The algorithm first constructs a set of splice graphs from a TopHat2 [9] map of the RNA-seq reads using the graph construction routine in the CEM [5] assembly package (Figure 1(1)). Next, for each splice graph, a set of candidate transcripts is constructed by iteratively traversing paths in the graph and pruning the edges with lowest coverage until the total number of candidates does not exceed 100 (Figure 1(2)). Provided with a set of transcript candidates, we use Bayesian inference to determine the most likely combination of candidates and corresponding abundance levels.

Figure 1
figure 1

Outline of the Bayesembler algorithm. (1) A splice graph is first constructed from the RNA-seq data. (2) Transcript candidates are subsequently enumerated by exhaustively searching paths in the graph. (3–5) Gibbs sampling is then used to infer the posterior distribution over expressed candidates, their abundances and assignments of reads to candidates. (3) The sampler is initialised by randomly sampling a candidate assignment for each paired-end read and proceeds as follows. (4a) First, candidate expression values (i.e. binary values indicating whether the candidate has non-zero abundance) are sampled conditioned on an assignment of reads. (4b) Next, abundance values are sampled conditioned on the expressions and read assignments. (4c) Finally, read-to-candidate assignments are sampled conditioned on the transcript expression and abundance values, and the conditional probabilities of observing the reads given the candidates. (5a,b) The fraction of iterations a candidate transcript is expressed during sampling and its mean abundance level across expressed iterations are then used to estimate candidate confidence and abundance levels, respectively. (6) The final assembly is produced by selecting the transcript candidates with highest confidence.

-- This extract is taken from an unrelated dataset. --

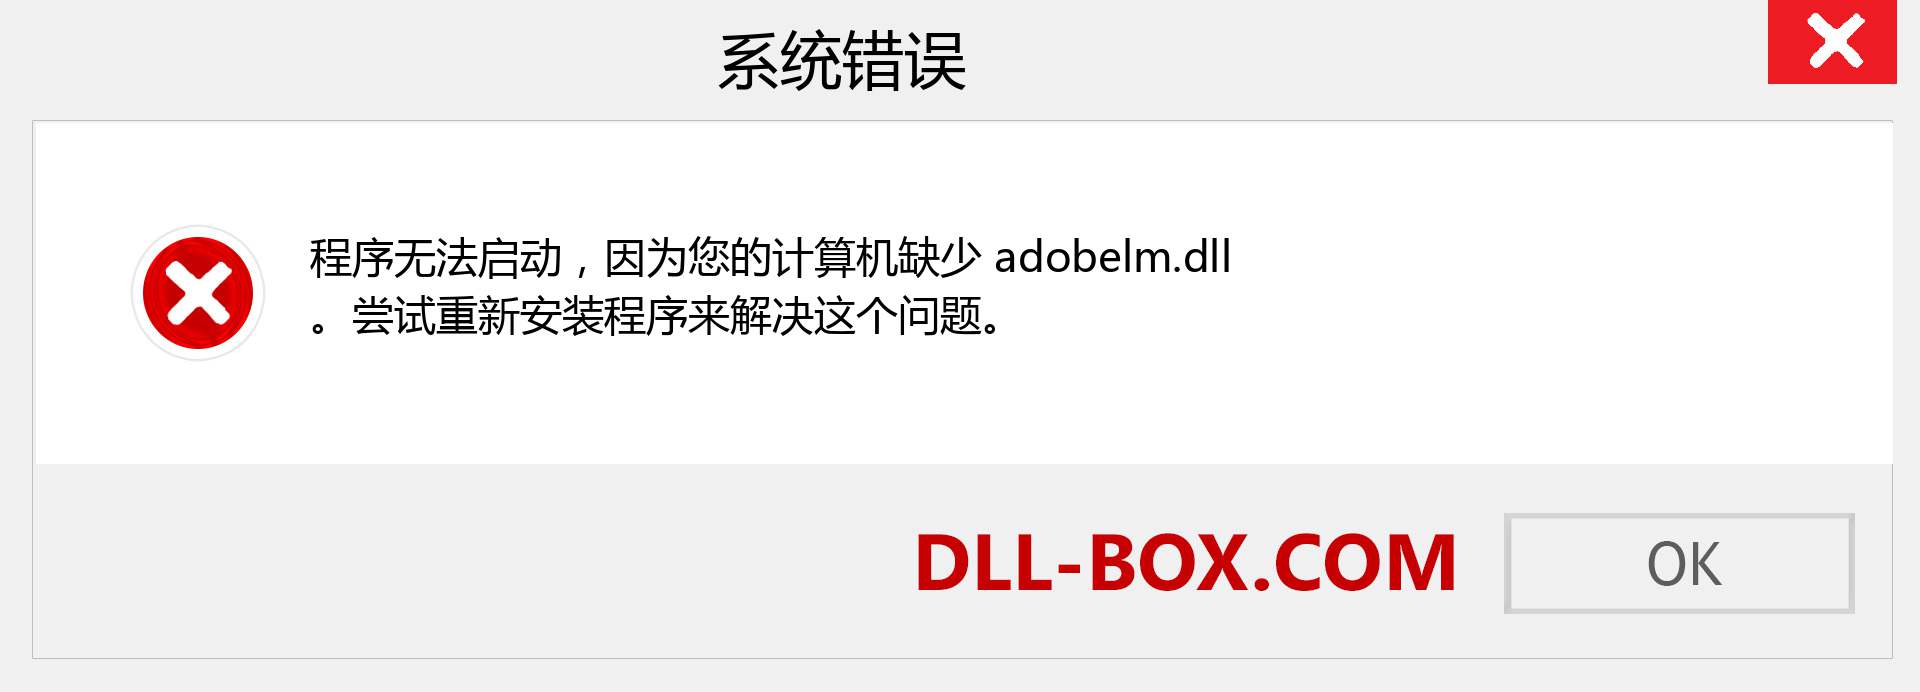 adobelm.dll 文件丢失？。 适用于 Windows 7、8、10 的下载 - 修复 Windows、照片、图像上的 adobelm dll 丢失错误

Our inference method is built on a generative model of the RNA sequencing process. In the model, each candidate is associated with a binary random variable, which models whether the candidate is expressed (i.e. has non-zero abundance); this construct allows us to model our prior expectation of sparsity in the number of expressed candidates. Each expressed transcript is further associated with a real-valued random variable, which models its relative abundance. Finally, we assume that the binary variables share a Bernoulli prior distribution, which controls the number of expressed candidates, and further assume a symmetric Dirichlet prior distribution on the abundances of the expressed transcripts. Intuitively, this construct decouples the distribution of candidate expression from the distribution over abundance levels and hereby contrasts with most current approaches by not penalising lowly abundant transcripts. To specify a complete generative model of the RNA sequencing process, we assume that for each transcript a binary variable is first drawn from the Bernoulli distribution, followed by a draw of abundance values from the Dirichlet distribution for the expressed transcripts. For each paired-end read to be generated, a transcript is then drawn from the categorical distribution specified by the relative abundances, followed by sampling of a paired-end read from the transcript, essentially as described by Pachter [10].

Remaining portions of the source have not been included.